Le temps et la volonté politique sont deux éléments essentiels pour raccorder les réseaux. Des améliorations sont en cours, notamment sur le réseau routier. Les principaux points de passage sont considérés comme des enjeux, mais les logiques sont très variables: internationale pour l’axe Paris-Berne par la N19 et la Transjurane, régionale pour la N57 entre Pontarlier et la frontière suisse, transfrontalière locale pour la «route des microtechniques» entre Besançon, Morteau et La Chaux-de-Fonds. Les divergences de conceptions, de représentations et de réglementations continuent à faire sentir leurs effets.

3. Des cadres transfrontaliers de coopération pour atténuer les disparités

3. Complexité des aires de coopération autour de la Suisse

De nombreux organismes de coopération ont vu le jour: mais leurs compétences respectives ont tendance à se chevaucher, ce qui nuit à l’efficacité globale. Une quinzaine d’organismes ceinturent la Suisse, avec une très forte imbrication des aires de compétence dans sa partie sud (fig. 3). Créées depuis le milieu des années 1960, ces structures se sont multipliées dans les années 1980 et 1990. Malgré le traité de Karlsruhe signé entre la France, l’Allemagne, la Suisse et le Luxembourg, en 1996, qui autorise une coopération de proximité entre collectivités transfrontalières, un certain flou juridique demeure.

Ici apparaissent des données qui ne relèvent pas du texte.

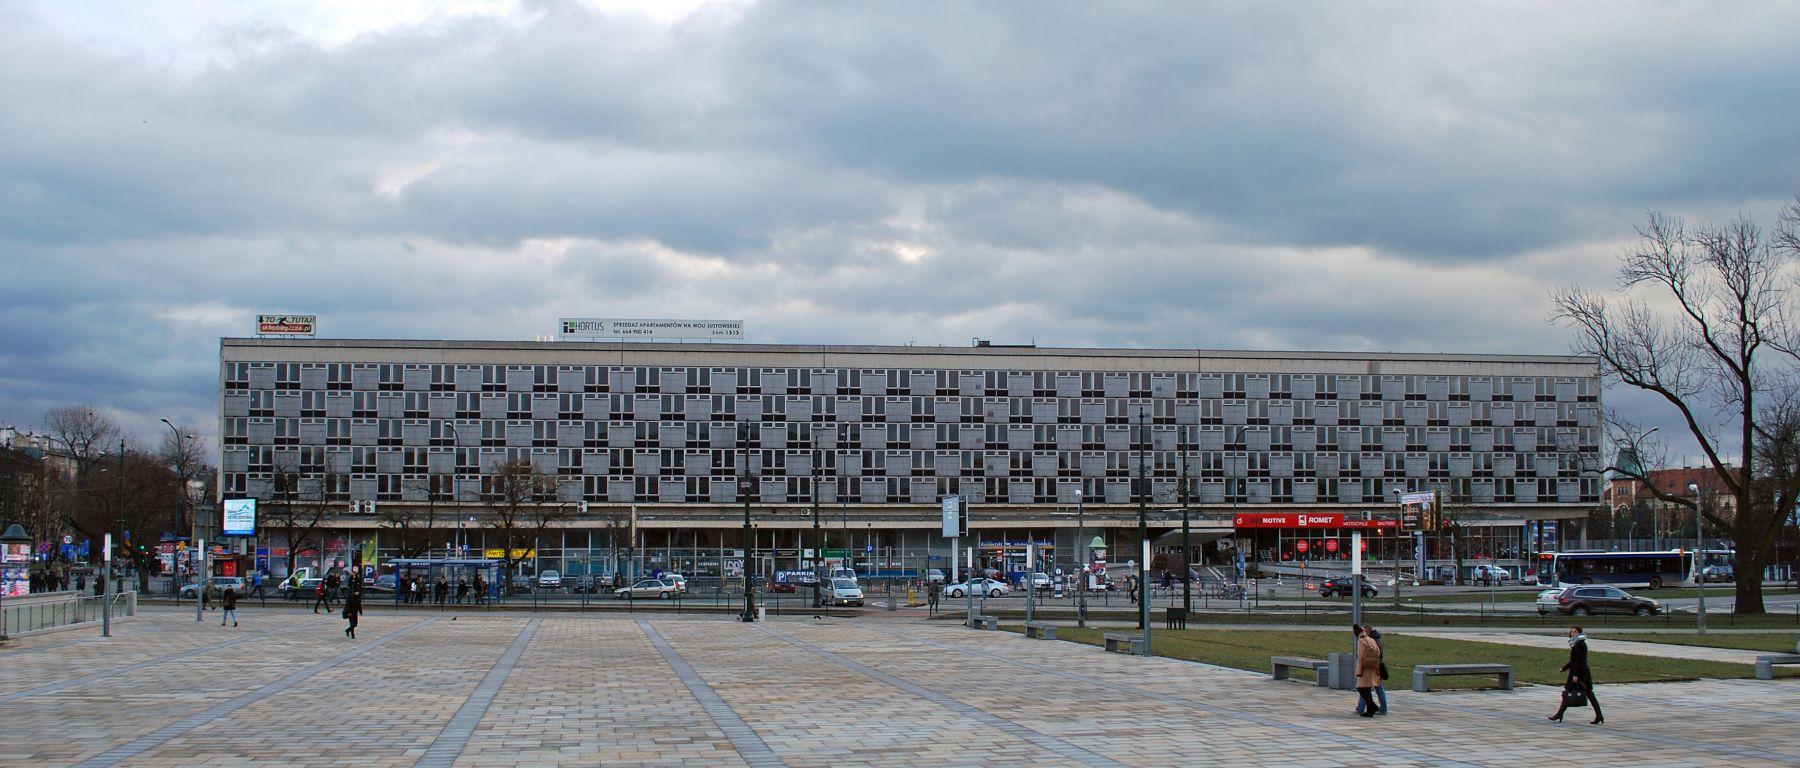 Hotel Cracovia w Krakowie, fot. Zygmunt Put (źródło: Wikimedia Commons, na licencji GFDL)

Ceci pose alors un double problème de définition de territoires fonctionnels plus ou moins lents à se mettre en place, et de territoires institutionnels que la multiplicité d’acteurs politiques achève de complexifier, créant des incertitudes quant aux interlocuteurs pertinents. Actuellement en France, c’est l’État qui revient sur le devant de la scène en matière de coopération transfrontalière, après avoir laissé de manière plus ou moins officielle Départements ou Régions assumer cette tâche difficile.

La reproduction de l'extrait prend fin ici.